**PROBLEM STATEMENT**
From the material below, return exactly the lines starting at the one that holds "Full Size of" and ending at the one that holds "Fra-trafikkpatruljen-Statspolitiet_UP-karusell". Pictures stay out of the answer.

**DATA EXCERPTS**
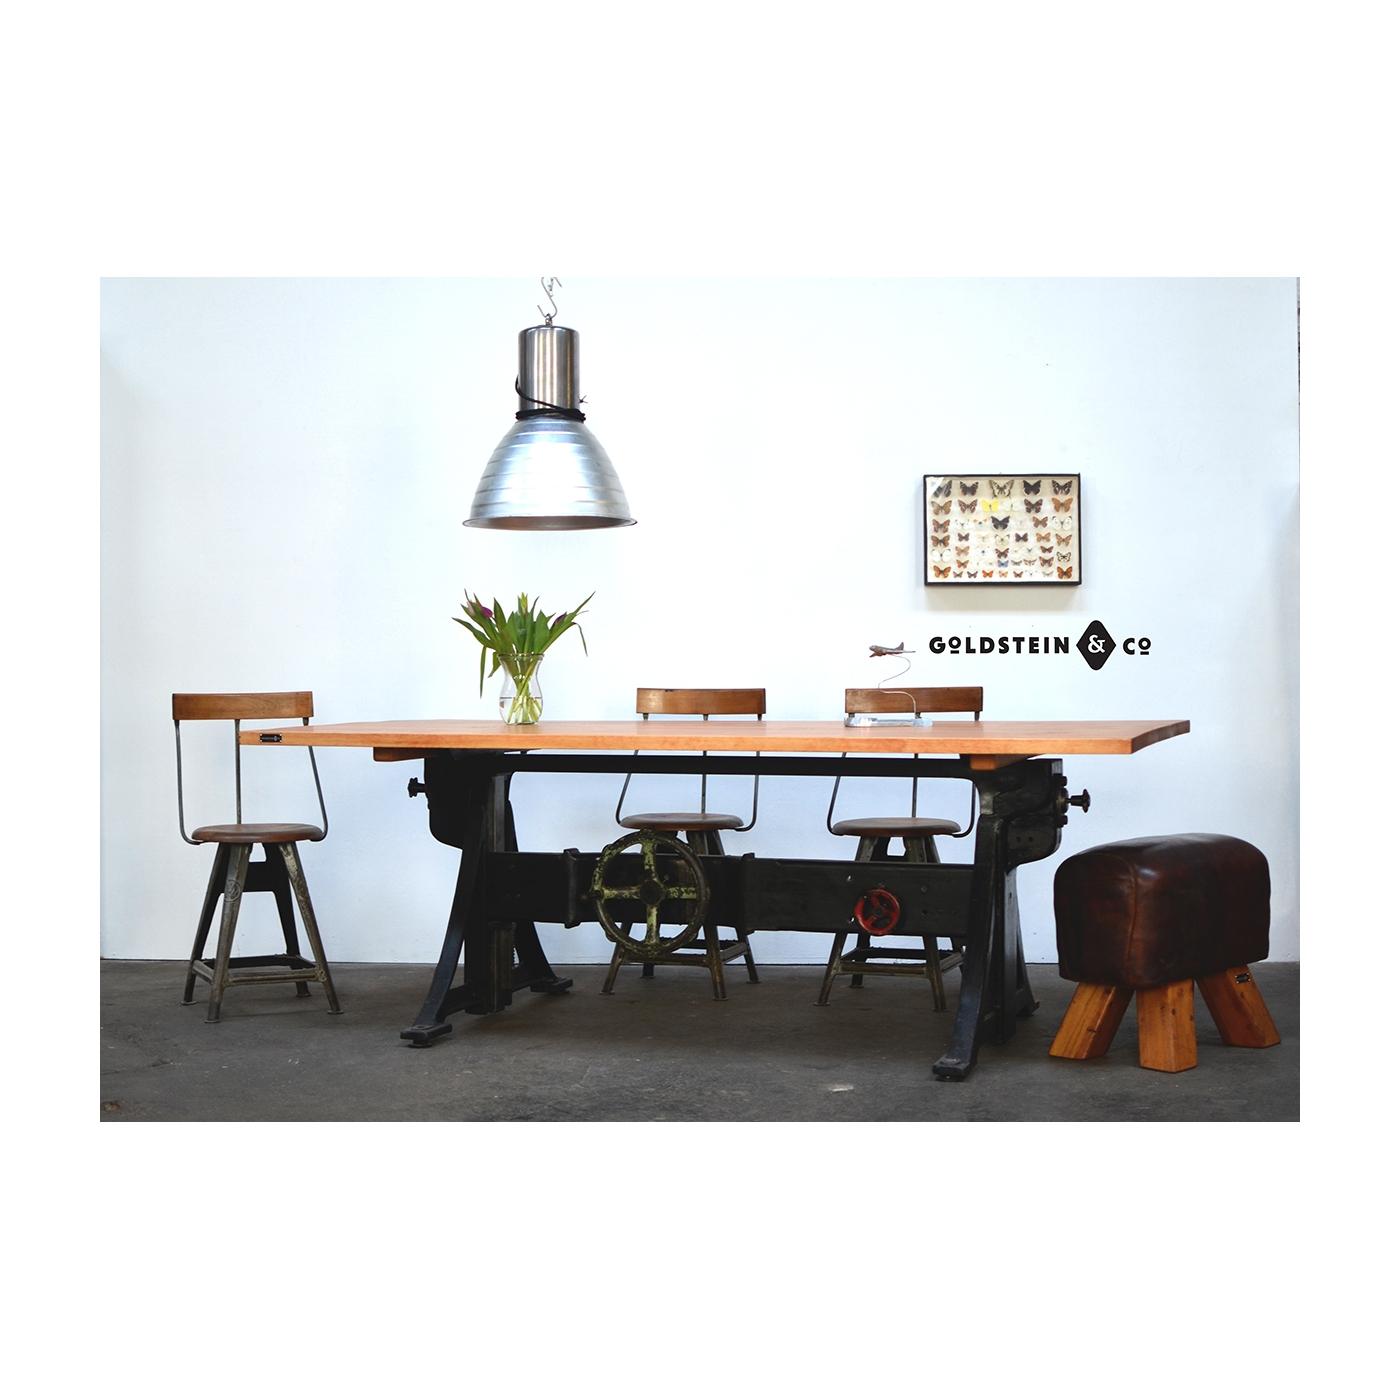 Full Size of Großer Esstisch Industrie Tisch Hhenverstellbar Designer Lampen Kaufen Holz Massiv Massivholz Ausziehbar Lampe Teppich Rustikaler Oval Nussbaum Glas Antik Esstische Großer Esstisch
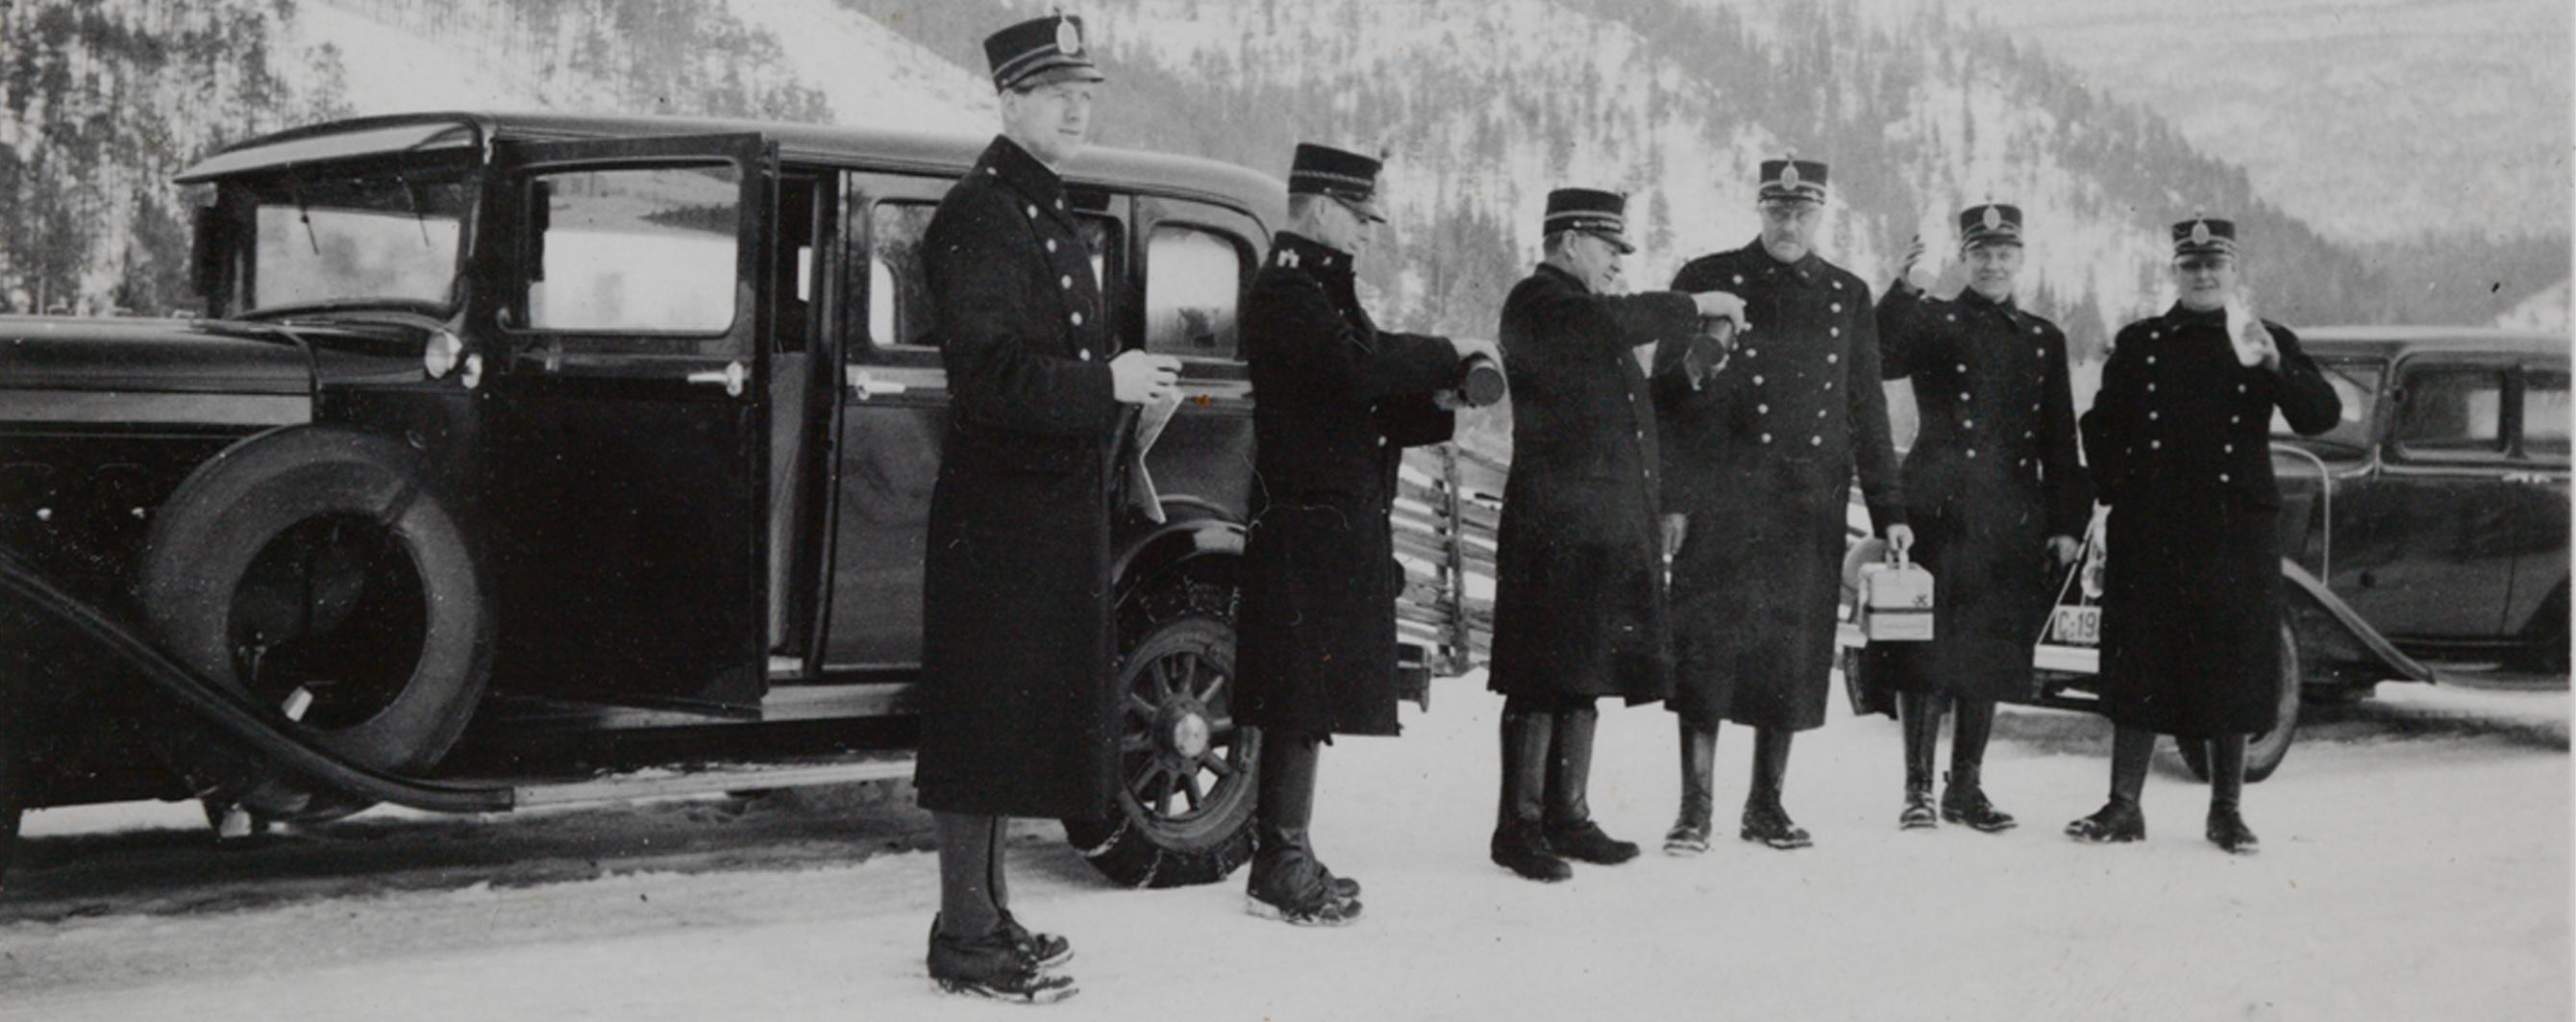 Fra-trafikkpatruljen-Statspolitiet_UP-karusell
---
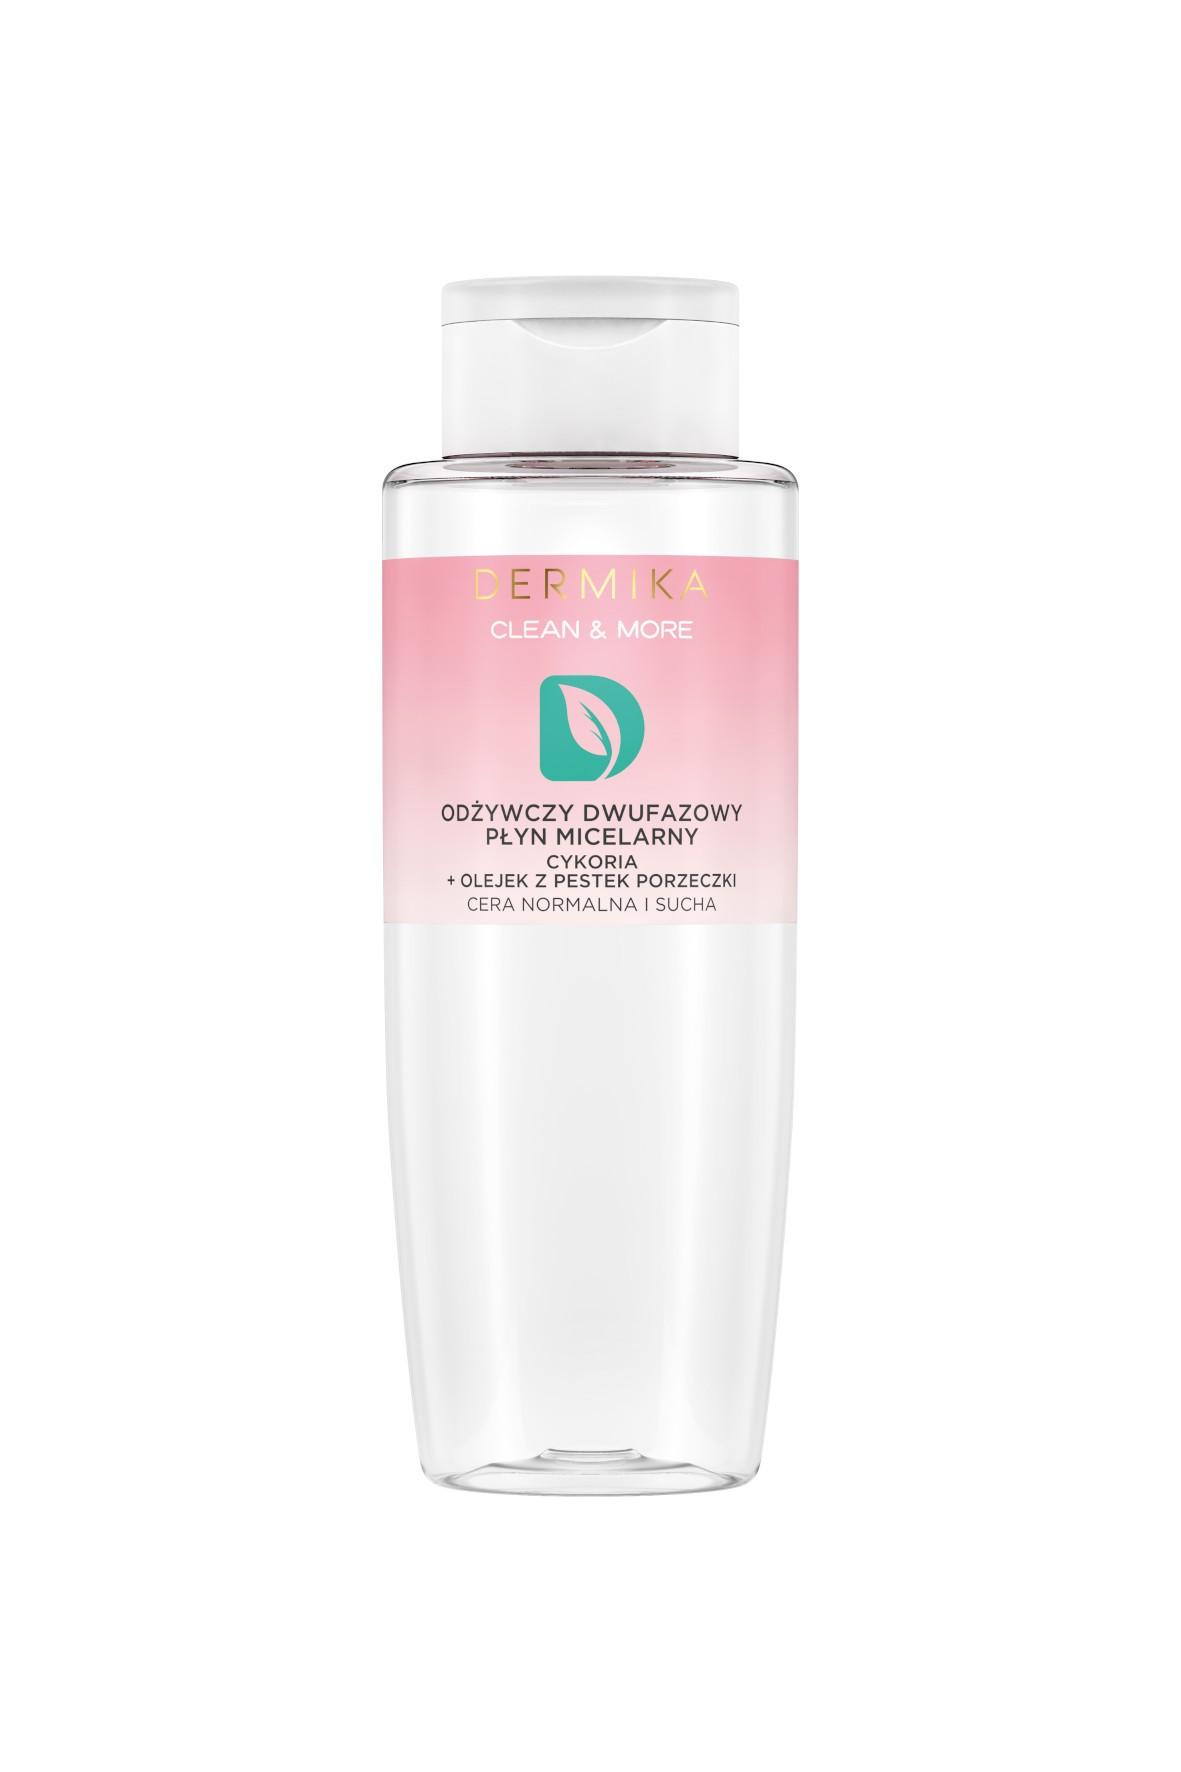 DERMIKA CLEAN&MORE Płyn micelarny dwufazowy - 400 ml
--
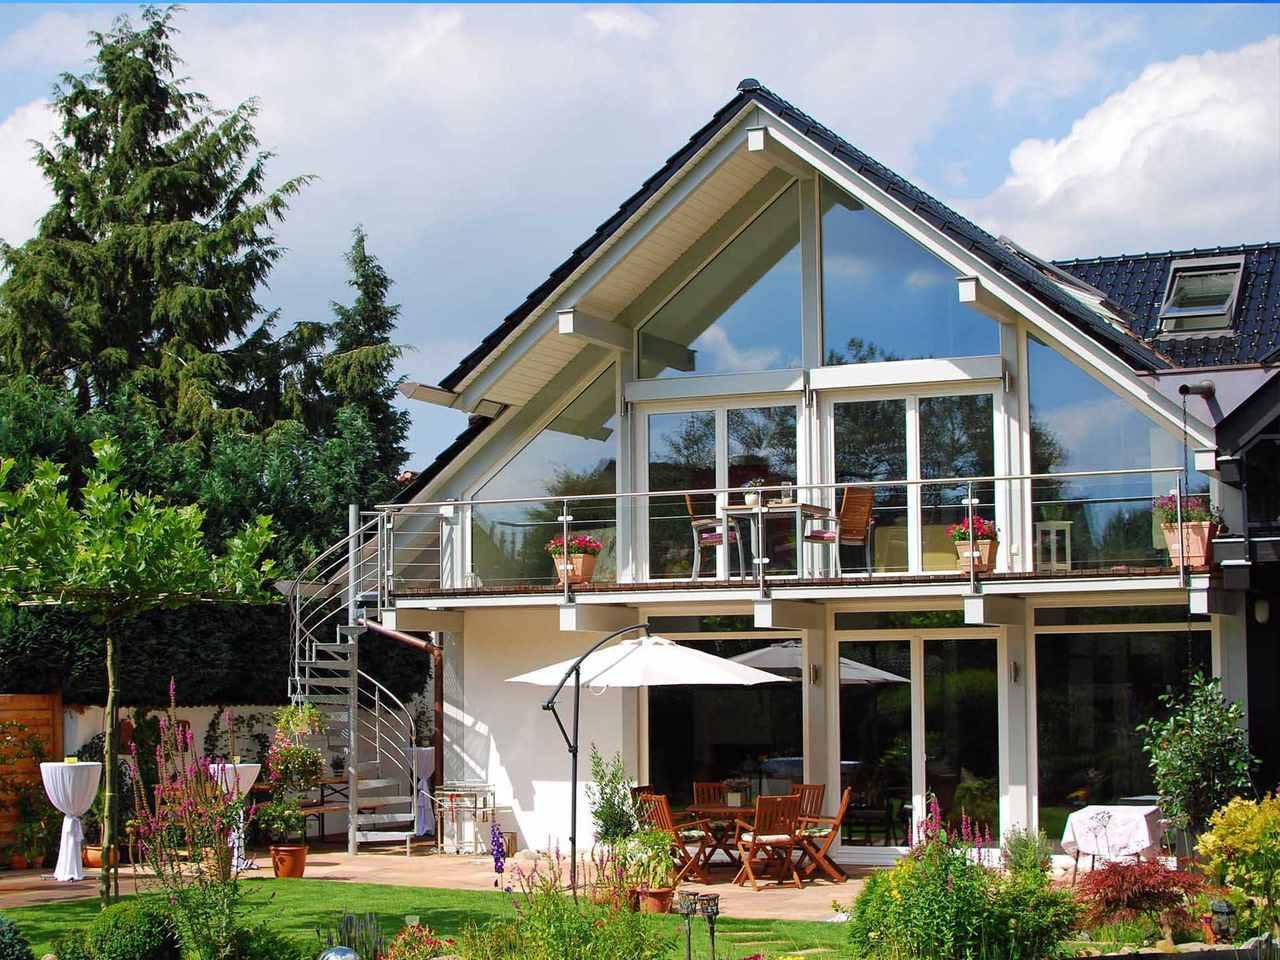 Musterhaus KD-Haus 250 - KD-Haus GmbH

**RESULT OF THIS TASK**
 Full Size of Großer Esstisch Industrie Tisch Hhenverstellbar Designer Lampen Kaufen Holz Massiv Massivholz Ausziehbar Lampe Teppich Rustikaler Oval Nussbaum Glas Antik Esstische Großer Esstisch
 Fra-trafikkpatruljen-Statspolitiet_UP-karusell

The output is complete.